The points below highlight common scholarship opportunities for students pursuing MS in Data Analytics Engg at NorthEastern University – College of Engineering. 

  • Merit-based graduate scholarships 

  • Dean’s scholarships for outstanding applicants 

  • Research assistantship opportunities 

  • Graduate assistant roles 

  • External scholarship and loan support options 

  • Better scholarship consideration for early applicants 

Application Deadlines for MS in Data Analytics Engg at Northeastern University – College of Engineering 

Applying early for the MS in Data Analytics Engg at Northeastern University – College of Engineering is recommended, especially for international students requiring visa processing and scholarship consideration. 

The table below provides a general overview of intake periods and recommended timelines. 

Intake 

Approximate Start 

Recommended Application Timeline 

Fall Intake 

September 

December – April 

Spring Intake 

January 

July – October 

Note: Students should check official university updates for exact yearly deadlines. 

Admission Process for MS in Data Analytics Engg at Northeastern University – College of Engineering 

The admission process for the MS in Data Analytics Engg at Northeastern University – College of Engineering evaluates academic qualifications, technical skills, and overall application quality. 

The steps below explain the general admission workflow: 

Step 1: Submit Online Application 

Complete the application form and provide academic, personal, and professional details. 

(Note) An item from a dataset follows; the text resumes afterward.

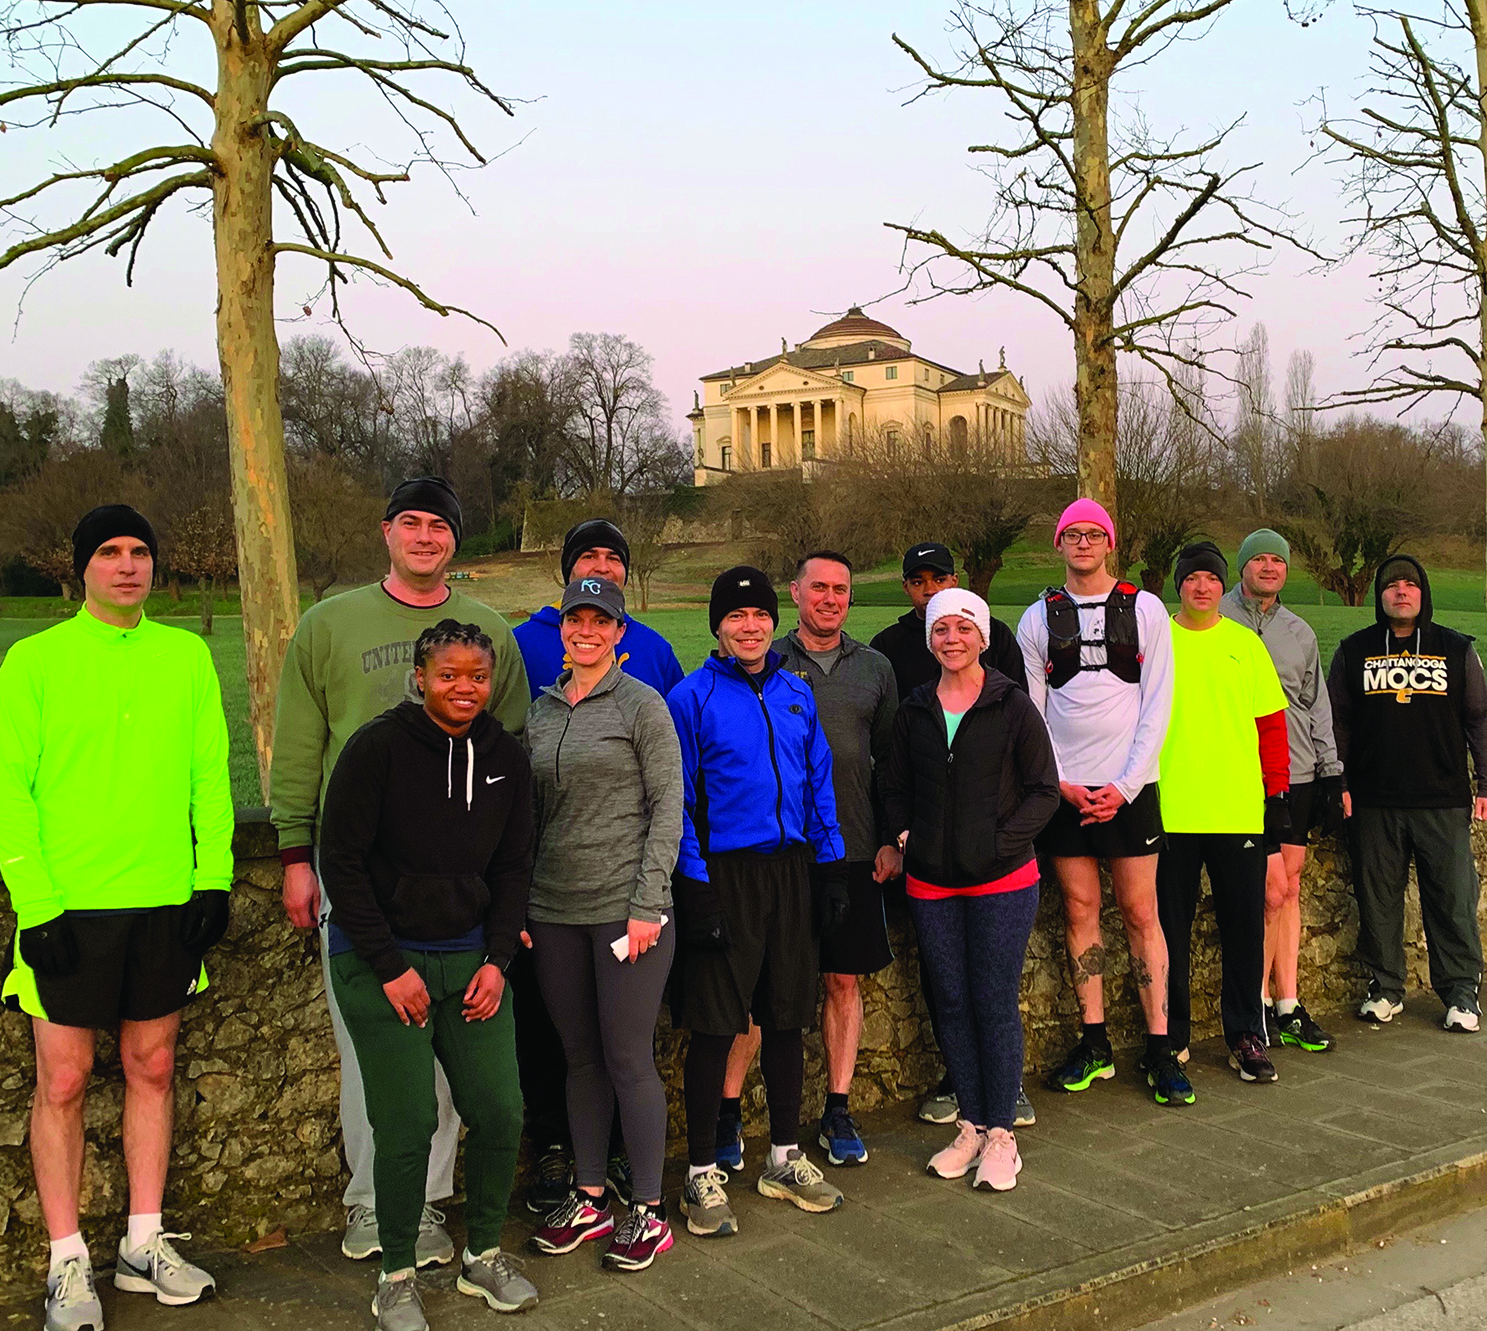 On 21 February 2020, the USARAF/SETAF OSJA completed their first Villa La Rotunda run. The Rotunda (in the background) was completed in 1592 and was designed by Andria Palladio, the architect whose designs were part of the inspiration for Thomas Jefferson when he was building Monticello just outside our beloved Charlottesville.

Step 2: Upload Required Documents 

Submit transcripts, statement of purpose, resume, recommendation letters, and English test scores. 

Step 3: Application Evaluation 

The admissions committee reviews academic background, technical preparation, and program fit. 

Step 4: Receive Admission Decision 

Selected candidates receive an official admission offer from the university. 

Step 5: Confirm Enrollment & Visa Process 

Accept the admission offer, complete fee formalities, and begin the student visa process. 

Career Opportunities after MS in Data Analytics Engg at Northeastern University – College of Engineering 

The MS in Data Analytics Engg at Northeastern University – College of Engineering prepares graduates for analytical, technical, and engineering-focused roles across multiple industries. The program combines practical analytics training with engineering applications to support strong career outcomes. 

The sections below highlight common job roles and hiring industries for graduates. 

Career Roles after MS in Data Analytics Engg at Northeastern University – College of Engineering 

Graduates can pursue advanced careers in analytics, AI, engineering, and business intelligence domains. 

Common Career Roles: 

  • Data Analyst 

  • Data Engineer 

  • Machine Learning Engineer 

  • Analytics Consultant 

  • Business Intelligence Analyst 

  • Quantitative Analyst 

  • AI Solutions Engineer 

  • Operations Research Analyst 

  • Cloud Data Engineer 

Industries Hiring Graduates of MS in Data Analytics Engg at Northeastern University – College of Engineering 

The analytical and engineering skills developed during the program are highly valuable across technology-driven industries. 

Major Hiring Industries 

  • Information Technology 

  • Artificial Intelligence & Automation 

  • Financial Services 

  • Healthcare Analytics 

  • Manufacturing & Supply Chain 

  • Consulting & Business Intelligence 

  • Retail & E-commerce Analytics 

  • Telecommunications 

  • Cybersecurity & Cloud Services 

Conclusion  

The MS in Data Analytics Engg at Northeastern University – College of Engineering combines engineering expertise, analytics-focused learning, and practical industry exposure within a STEM-designated environment. The curriculum supports technical skill development through projects, co-op experiences, and applied research opportunities. 

With strong career outcomes, flexible learning formats, and growing industry demand for analytics professionals, the program is well suited for students aiming to build careers in data engineering, artificial intelligence, analytics consulting, and computational problem-solving.